Однако в реальной жизни Маргарет Митчелл совершила как раз бессознательный переход от Скарлетт к Мелани, второстепенной героине, которая не так удачлива, но больше, чем успех, ценит краткие минуты тихого счастья. Действительно, сама писательница никогда не поступала подобно Скарлетт, — пуританское воспитание, ориентиры на высокоморальные, одобренные обществом установки не позволили бы этого сделать. Но в мыслях ей хотелось быть не только положительной женщиной, но и женщиной могущественной в своем блеске, причем чтобы природа могущества проистекала из страсти. Скарлетт О’Хара — лишь часть Маргарет Митчелл, и часть тайная, как река, не выходящая из берегов, однако жаждущая этого.
В самой Маргарет долгое время боролись личность и самка. Победила личность, однако самка, заглушенная, не смирилась, а лишь притихла, оставив идею мятежа. В Скарлетт, напротив, победила самка. Она достигает только внешнего успеха, гармония же с навечно усыпленной личностью невозможна. Для писательницы это особый способ лечебной сублимации, для читателей — отличный образ. Но не известно, пример ли для подражания. Тут опять-таки каждая женщина может сделать лишь свой индивидуальный выбор.
Часть вторая. Поучительные подсказки несостоявшихся принцесс и королев
Глава первая. Ясная поляна: Неудачное балансирование
Частная жизнь Льва Толстого и Софьи Берс тем и примечательна для любого строителя собственного семейного счастья, что она многими описана подробно и придирчиво, и главное — предельно достоверно. Прежде всего, самими Львом Николаевичем и Софьей Андреевной в интимных дневниках, а уж затем — целым сонмом исследователей, а также лицами из окружения известной семьи. Пожалуй, в истории не было более откровенных и честных рассказчиков о собственных противоречивых импульсах, чем автор
Избыточность материала о жизни гения требует максимально сжато представить ключевые особенности семейного балансирования двух стоиков (ведь и в семейном счастье, и в умирании любви всегда замешаны двое). Начинали они возделывать семейное поле с завидным усердием, без робости пользовались матримониальным самоубеждением в наличии любви, и приливы трогательных воздыханий, смешанные с отливами прохладного ропота, длились около девяти лет. Еще пять последующих лет шаткое, построенное на иллюзиях согласие медленно и неотвратимо угасало, натыкаясь на духовный разлад и существенные противоречия в понимании самого мироздания. Наконец, оставшиеся годы из почти полувека совместной жизни отражают скорее муки терпения женщины, крен мужчины к почти полной отрешенности и общий фатализм движения семейного корабля[2]

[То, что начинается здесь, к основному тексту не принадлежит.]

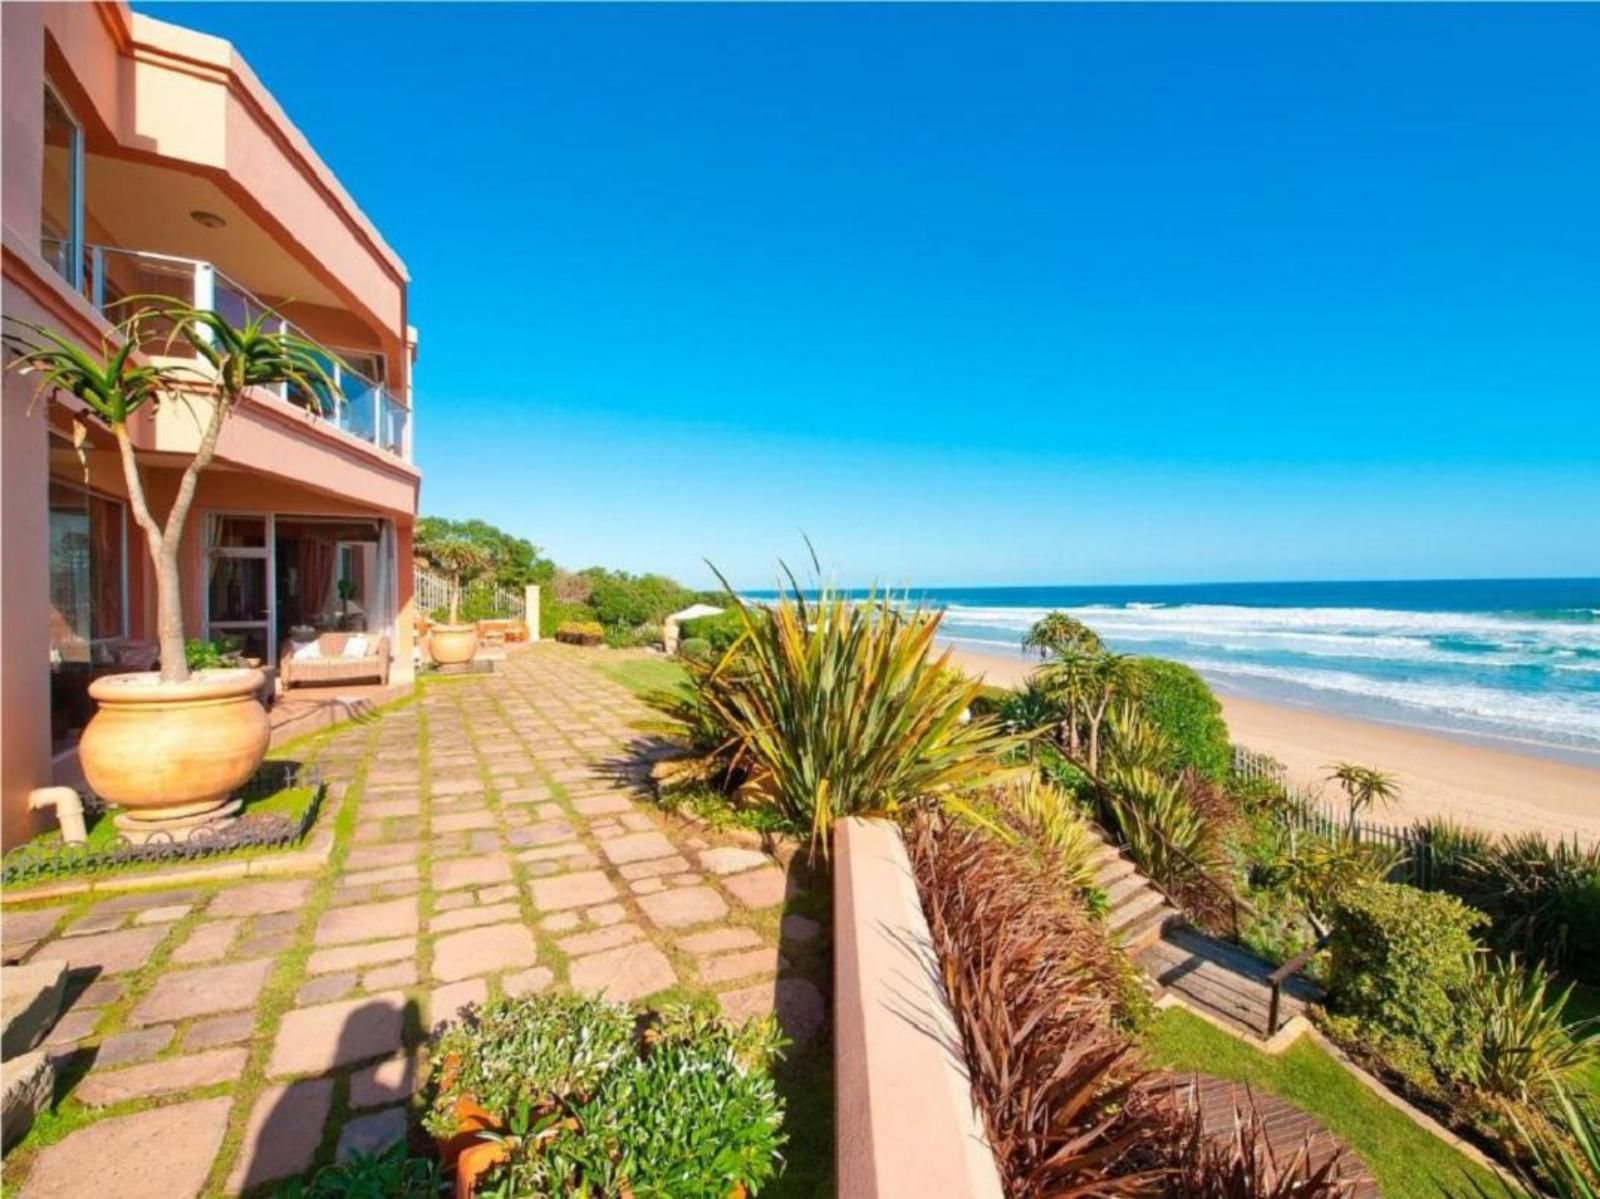 Xanadu Guest Villa Wilderness Western Cape South Africa Complementary Colors, Colorful, Beach, Nature, Sand, Palm Tree, Plant, Wood, Garden

.Не напиши Лев Толстой бессмертных произведений, современники, верно, считали бы его сумасшедшим. Или, как минимум, чудаковатым отшельником, обитающим вне контекста времени и социальных традиций. В самом деле: вместо заботы о собственных детях он думал о бедствиях народа. Будучи графом и имея достаточно средств, собственноручно мастерил калоши, косил, пахал землю, жил, подобно простому мужику. Наконец, общению с себе подобными предпочитал чтение экстравагантного Конфуция и еще мало известного в те времена Шопенгауэра. «Асоциальный тип!» — воскликнул бы обыватель. «Проблематичный муж!» — сразу сообразили бы дамы. А молоденькая Софья Берс просто и безбоязненно впряглась в семейную лямку, как это положено было в подобных случаях, — все восемнадцать лет ее готовили именно к такому делу всей жизни.
Впрочем, относительно Толстого так и хочется воскликнуть: выкристаллизованный, выстраданный семейный сценарий можно считать лучшим из возможных для самого писателя, ибо всякая попытка создать наяву задуманный в воображении идеал изначально обречена на провал! Реальность, как известно, уступает представлениям в яркости. Что же касается подруги жизни мастодонта литературы, то для нее в те времена коридор возможностей был совсем узок, российская патриархальная традиция держала ее крепко, как и большинство девушек, в стальных тисках предопределенной роли. Но поскольку задачей данного анализа является выявление полезных элементов женских семейных стратегий, то и внимание будет сосредоточенно на Софье, а не на ее супруге.